United States v. Donald Maxwell

131 F.3d 622, 1997 U.S. App. LEXIS 34232, 1997 WL 754615
CourtCourt of Appeals for the Seventh Circuit
DecidedDecember 4, 1997
Docket97-1557
StatusPublished
Cited by1 cases

This text of 131 F.3d 622 (United States v. Donald Maxwell) is published on Counsel Stack Legal Research, covering Court of Appeals for the Seventh Circuit primary law. Counsel Stack provides free access to over 12 million legal documents including statutes, case law, regulations, and constitutions.

Bluebook
United States v. Donald Maxwell, 131 F.3d 622, 1997 U.S. App. LEXIS 34232, 1997 WL 754615 (7th Cir. 1997).

Opinion

CUMMINGS, Circuit Judge.

Defendant Donald Maxwell was charged with mail fraud in violation of 18 U.S.C. § 1341. He pled guilty to Count I of the indictment and the remaining two counts were dismissed pursuant to a written plea agreement. He was sentenced to five months in custody and five months in home confinement and was ordered to pay $37,008 in restitution.

From January' 1988 to March 1991 Maxwell was the accountant for a small Chicago commodities futures trading firm, Wiklund Trading, which bought and sold commodity futures and options at the New York Commodities Exchange and the Chicago Board of Trade. Commodities futures are bought and sold in units known as “contracts.” A futures contract is a contract for the purchase or sale of any commodity for delivery in the future.
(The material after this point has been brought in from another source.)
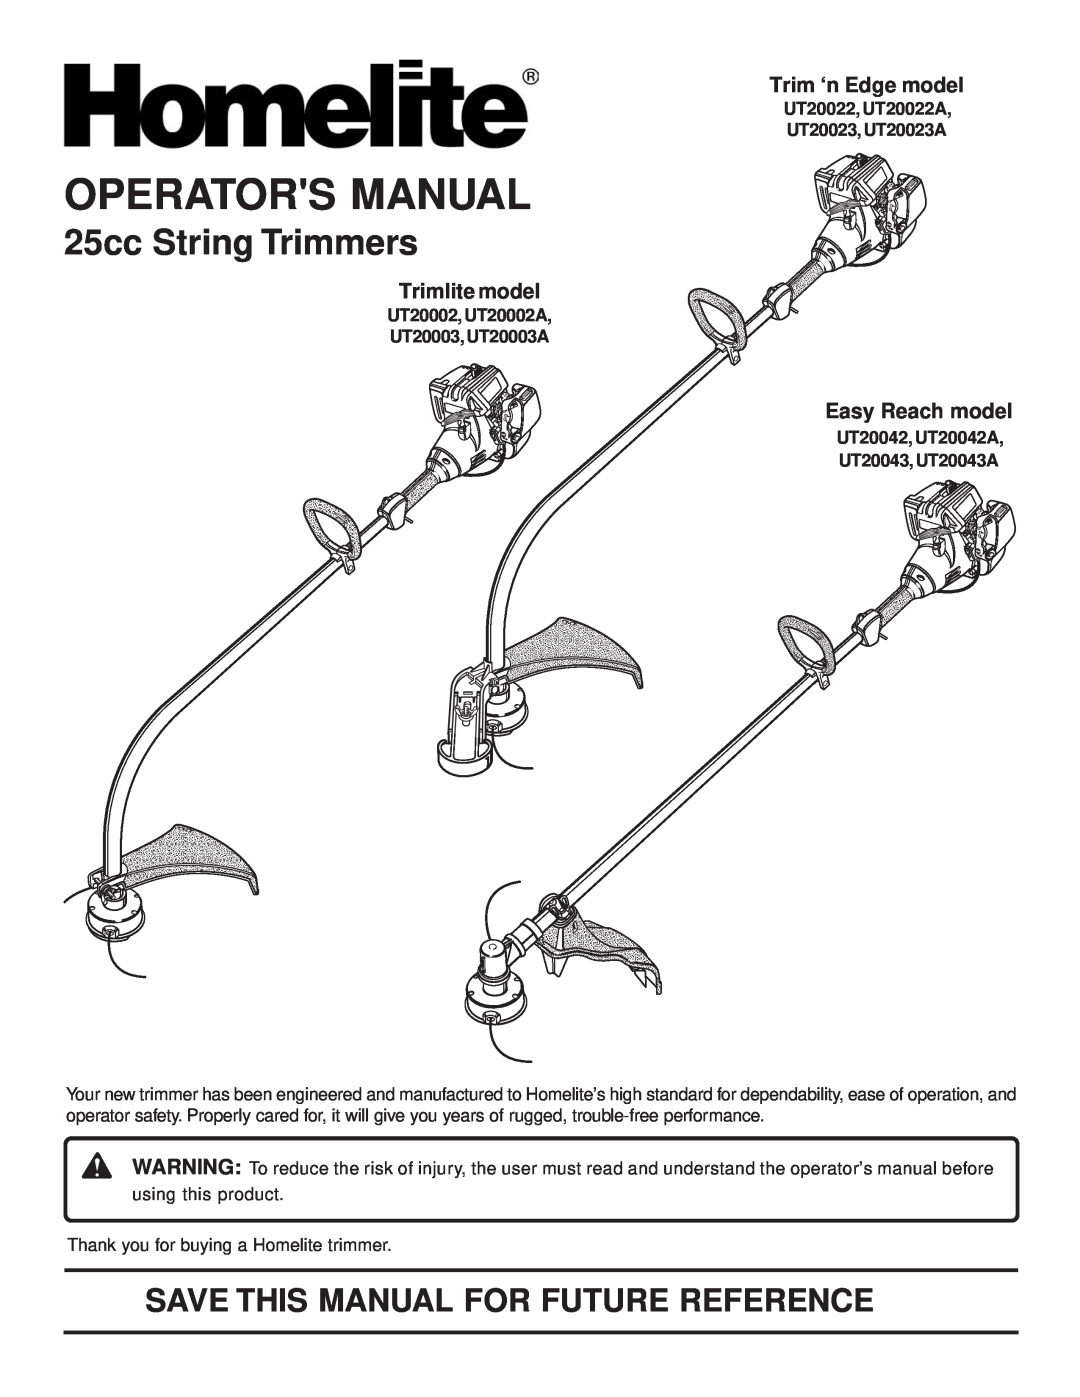 Homelite UT20003A manual Operators Manual, 25cc String Trimmers, Trimlite model, Trim ‘n Edge model, Easy Reach model

Wiklund Trading placed all orders for commodities contracts with Geldermann, Inc., a Chicago clearinghouse for commodities futures traded on the New York Commodities Exchange and the Chicago Board of Trade.

Maxwell’s duties consisted of computing profits and losses for the five traders employed by Wiklund. He reconciled daily computer printouts from Geldermann and prepared daily statements summarizing the previous day’s profits and losses.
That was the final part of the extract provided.